- What this task involves: Carry none of the pictures over; write out the complete data exactly.

- Data excerpt:

• • • • •

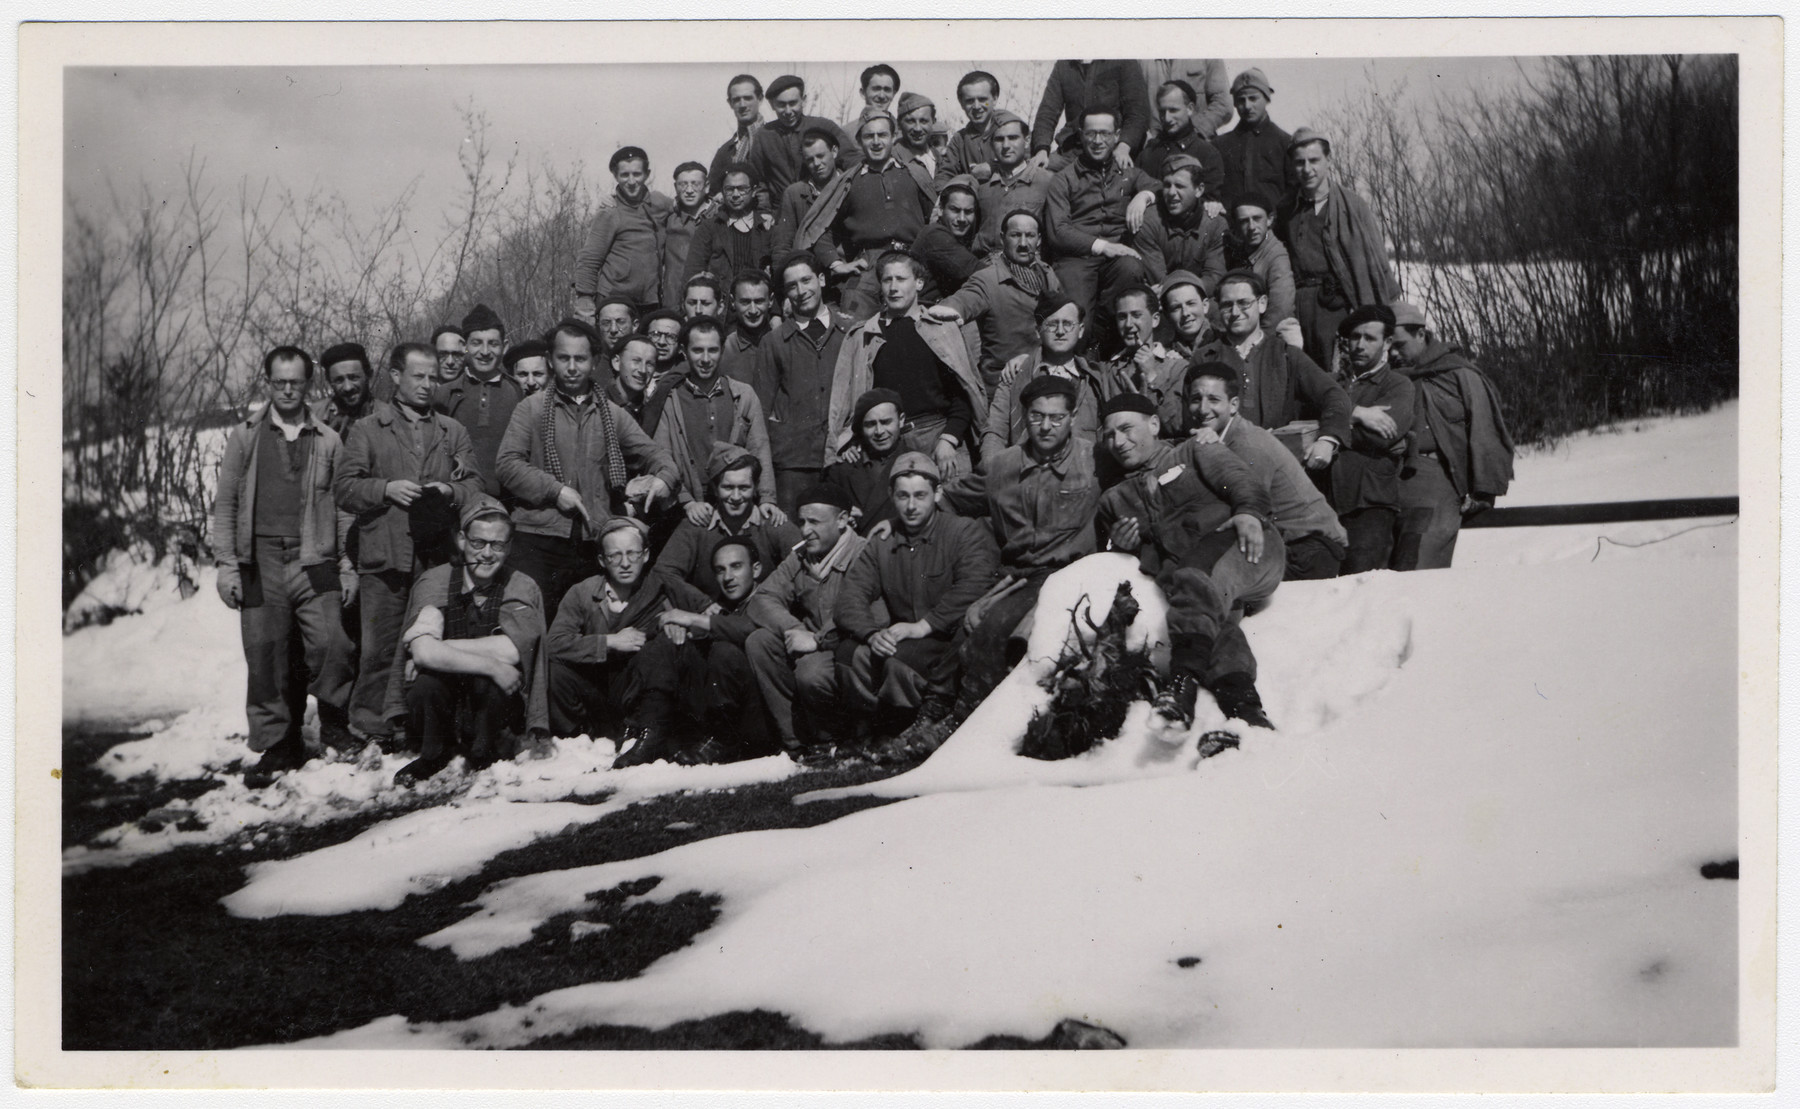 Group portrait of Jewish internees posing in the snow in an unidentified Swiss labor camp.

Max Schattner is pictured in the first standing row, second from the left.
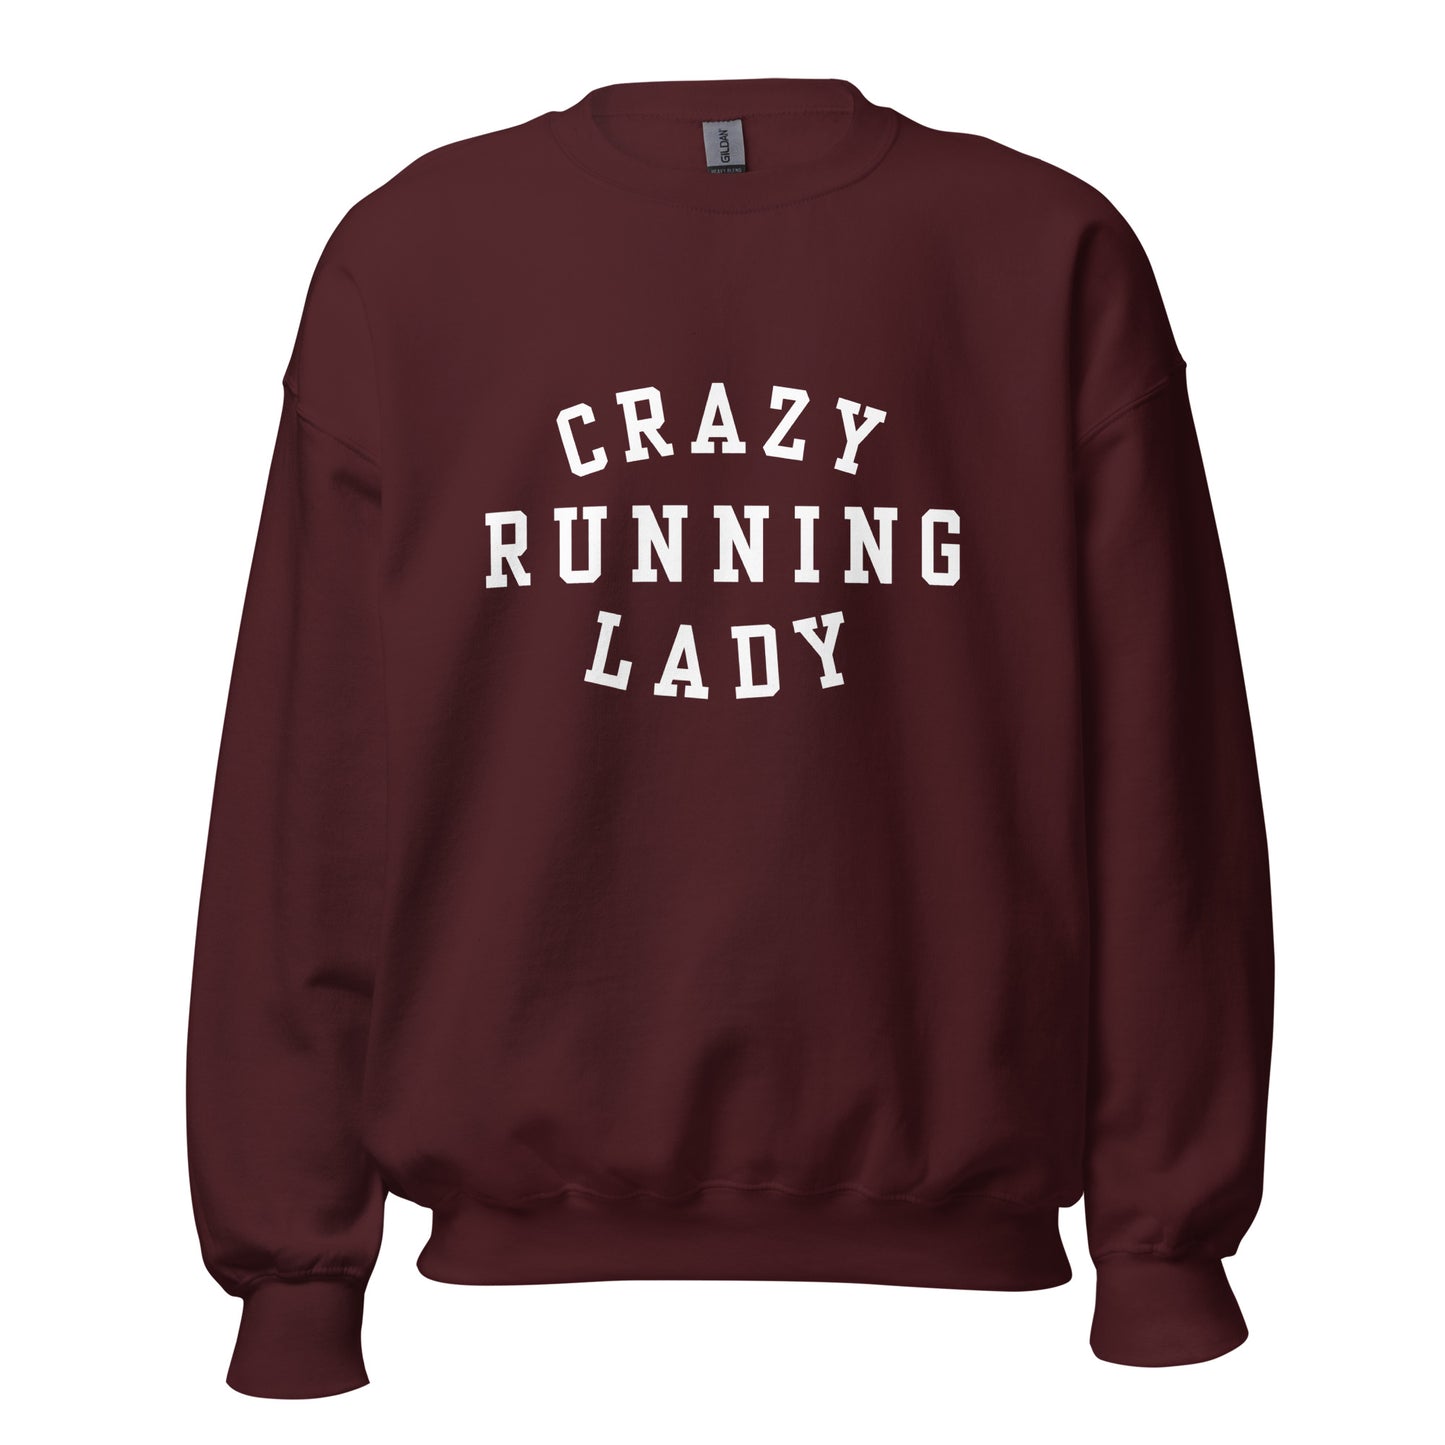 maroon sweatshirt with the words crazy running lady in a capitalised white font

• • • • •

- Answer section:
 Group portrait of Jewish internees posing in the snow in an unidentified Swiss labor camp.

Max Schattner is pictured in the first standing row, second from the left.
 maroon sweatshirt with the words crazy running lady in a capitalised white font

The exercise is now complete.